The strips were bare of the elegant plantings we had passed along the way, shaded simply by tall, old trees that dotted the dirt pathways.
“Some of the more modest graves are in this area. The girl’s family,” Silbey said, stepping out of the car, checking his notes for the name, “the Hassetts, is it? Looks like they bought the plot about fifty years ago. Not quite the placement some of our rich and famous have, but we’ve got many local folks like them.”
I joined Mike on the side of the road. “The diggers will meet us here?” he asked.
Silbey checked his watch. “It’s almost nine. They should be along shortly. Anyone else coming?”
“There’ll be a van from the medical examiner’s office to take the body away,” Mike said. “And maybe a couple of detectives from the Bronx District Attorney’s Office. Where is she?”
Silbey crossed the road. “Four rows back in there. G112. It’s just a small marker in the ground.”
Mike made his way through the narrow footpaths-stopping to kneel in front of the flat stone that said REBECCA HASSETT on it. I watched as he ran his finger over the letters that formed her name and studied the numbers chiseled in it, which noted the few years between her birth and death.

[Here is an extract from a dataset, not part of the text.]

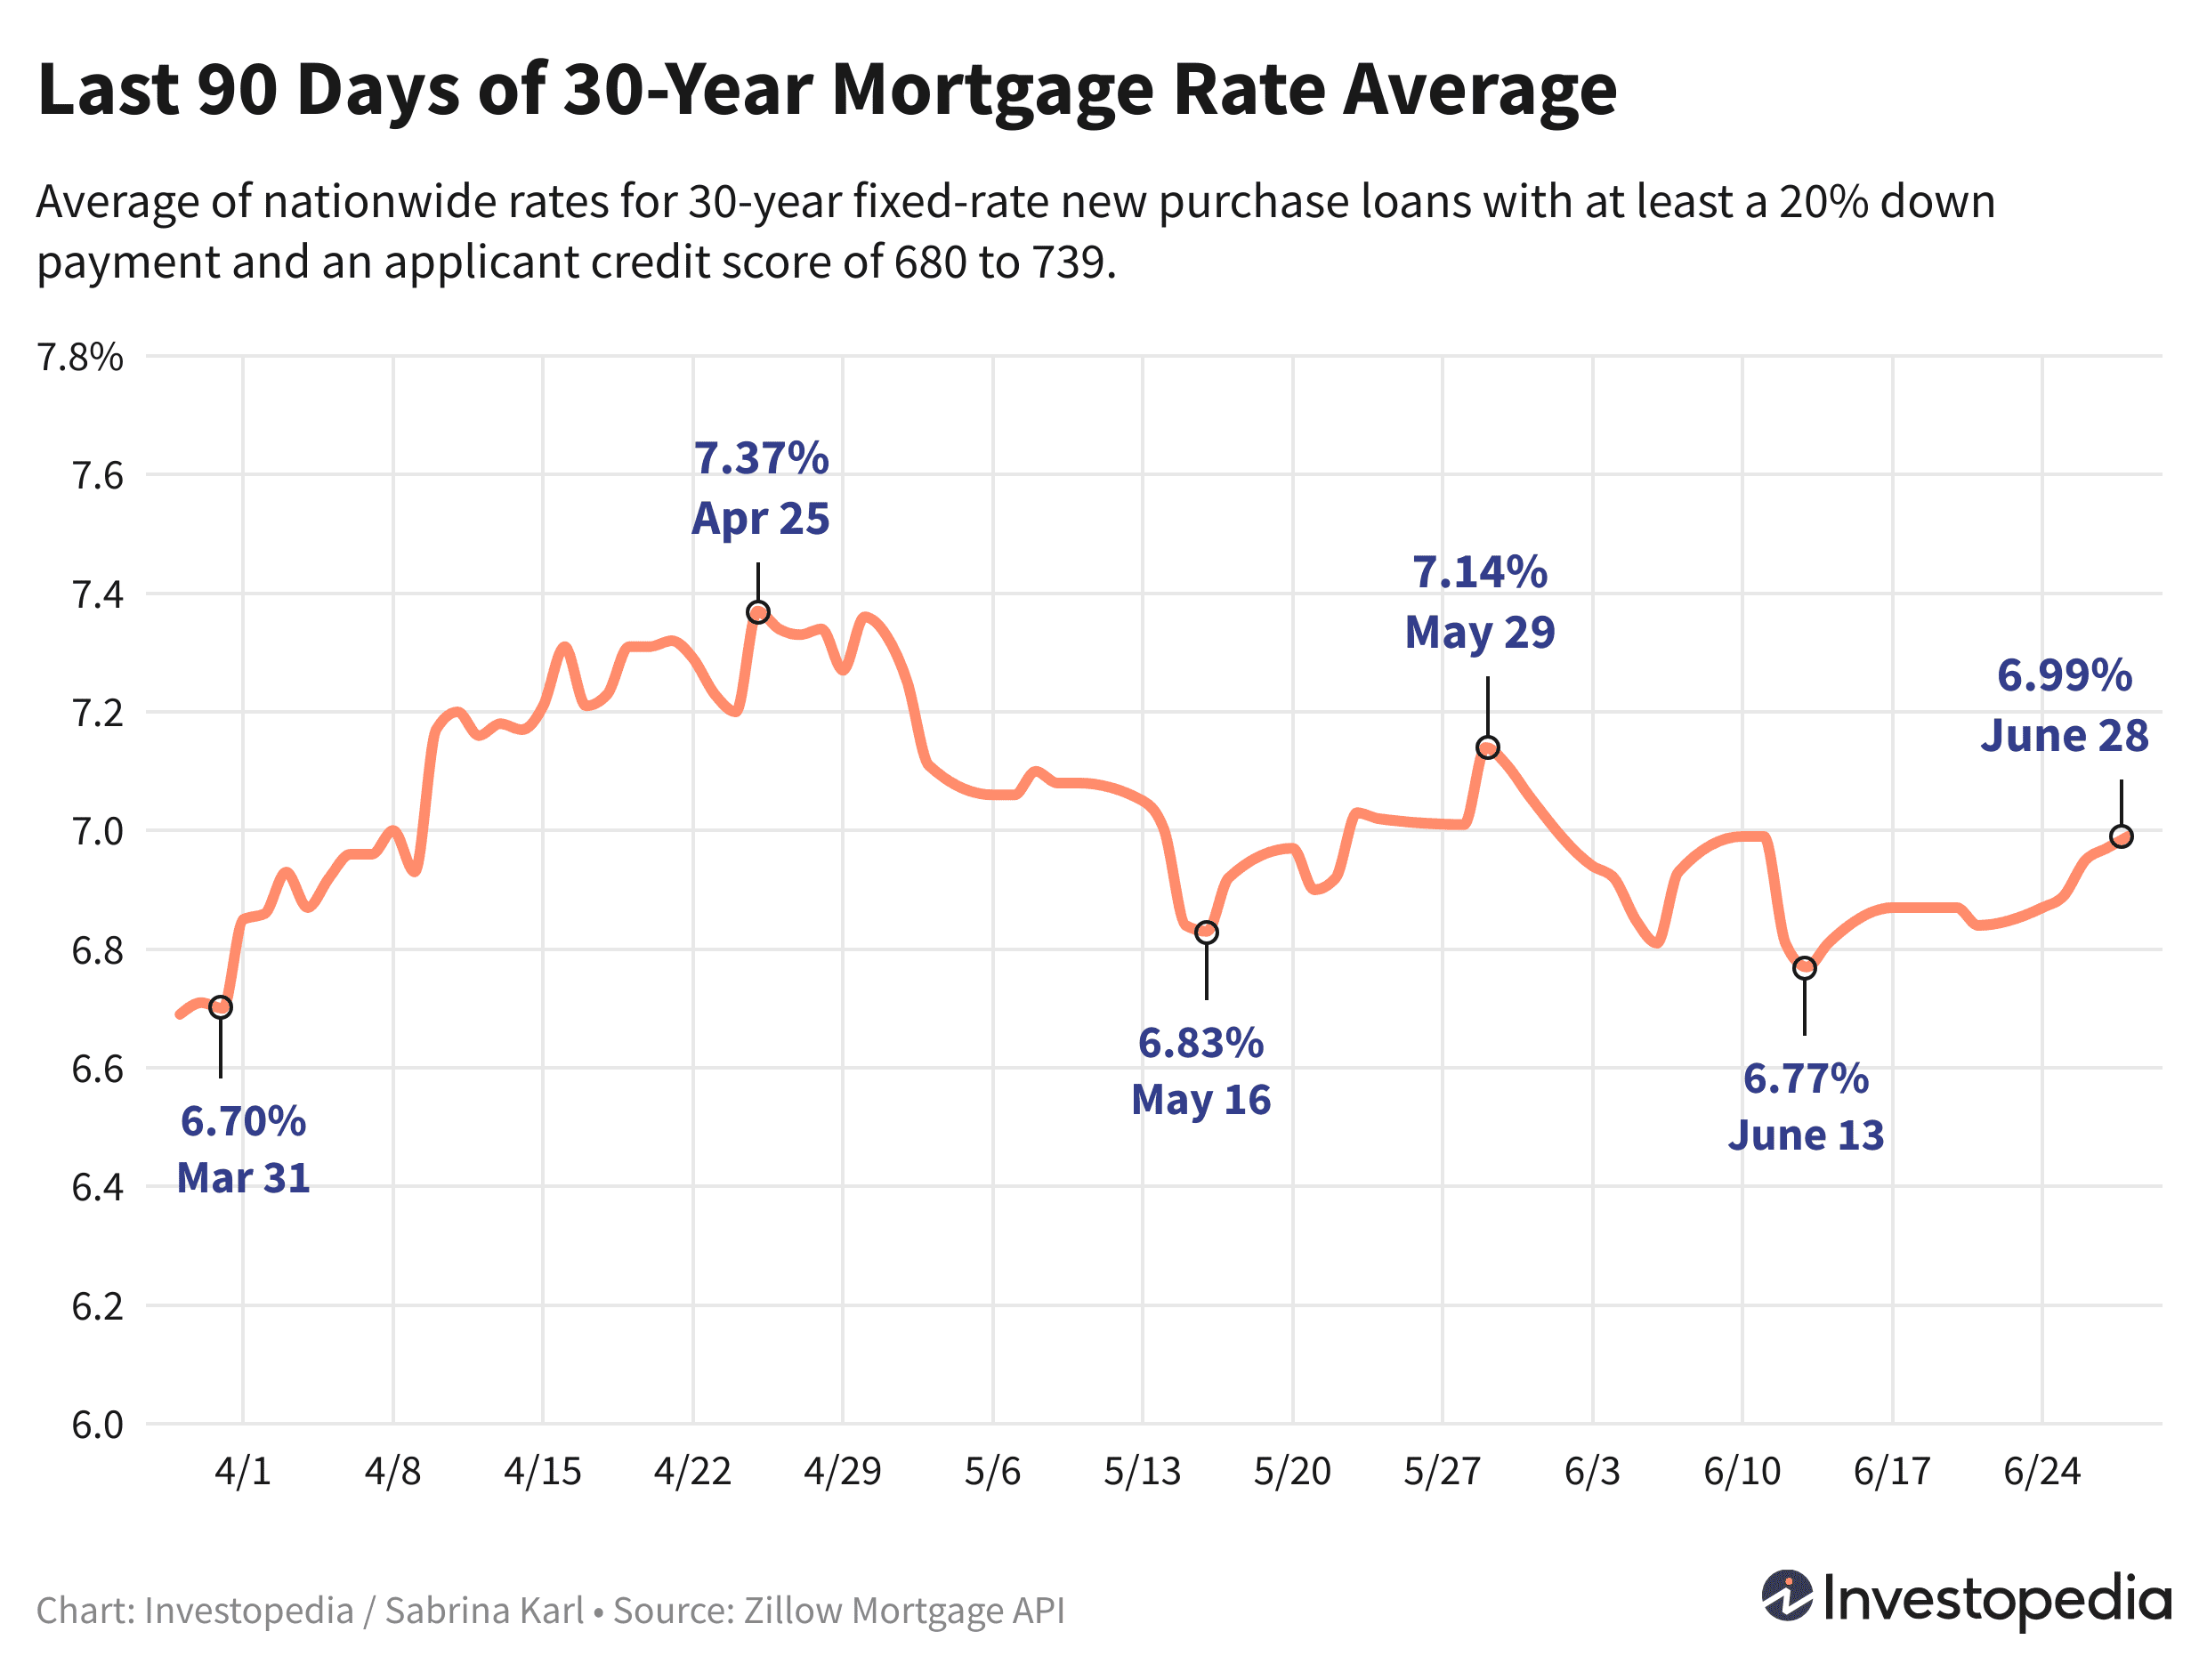 Line graph showing the last 90 days of the 30-year new purchase mortgage rate average - July 1, 2024

Several generations of Hassetts were here, resting head to foot, fast running out of room in their final resting place. Mike glanced around at the names, then continued walking downhill toward what looked to be another pond, which was bordered in part by an enormous weeping beech.
I walked behind him and stopped when he did, for a second time, at a larger headstone. “Whaddaya know? William Barclay Masterson.”
“Who?”
“Gold-topped cane, derby hat, fastest gun in the West. I’d have expected him to be buried on Boot Hill.”
“Bat? Bat Masterson?” I remembered the reruns of the popular fifties TV western starring Gene Barry, but knew nothing about the life of the real deputy marshal appointed by Teddy Roosevelt.
Neither of us heard Evan Silbey come down the dirt path. “He left Dodge City to come back to New York. Bat was a sportswriter for the Morning Telegraph when he-”
“Did you see that?” Mike asked, turning to look toward a tall obelisk marker.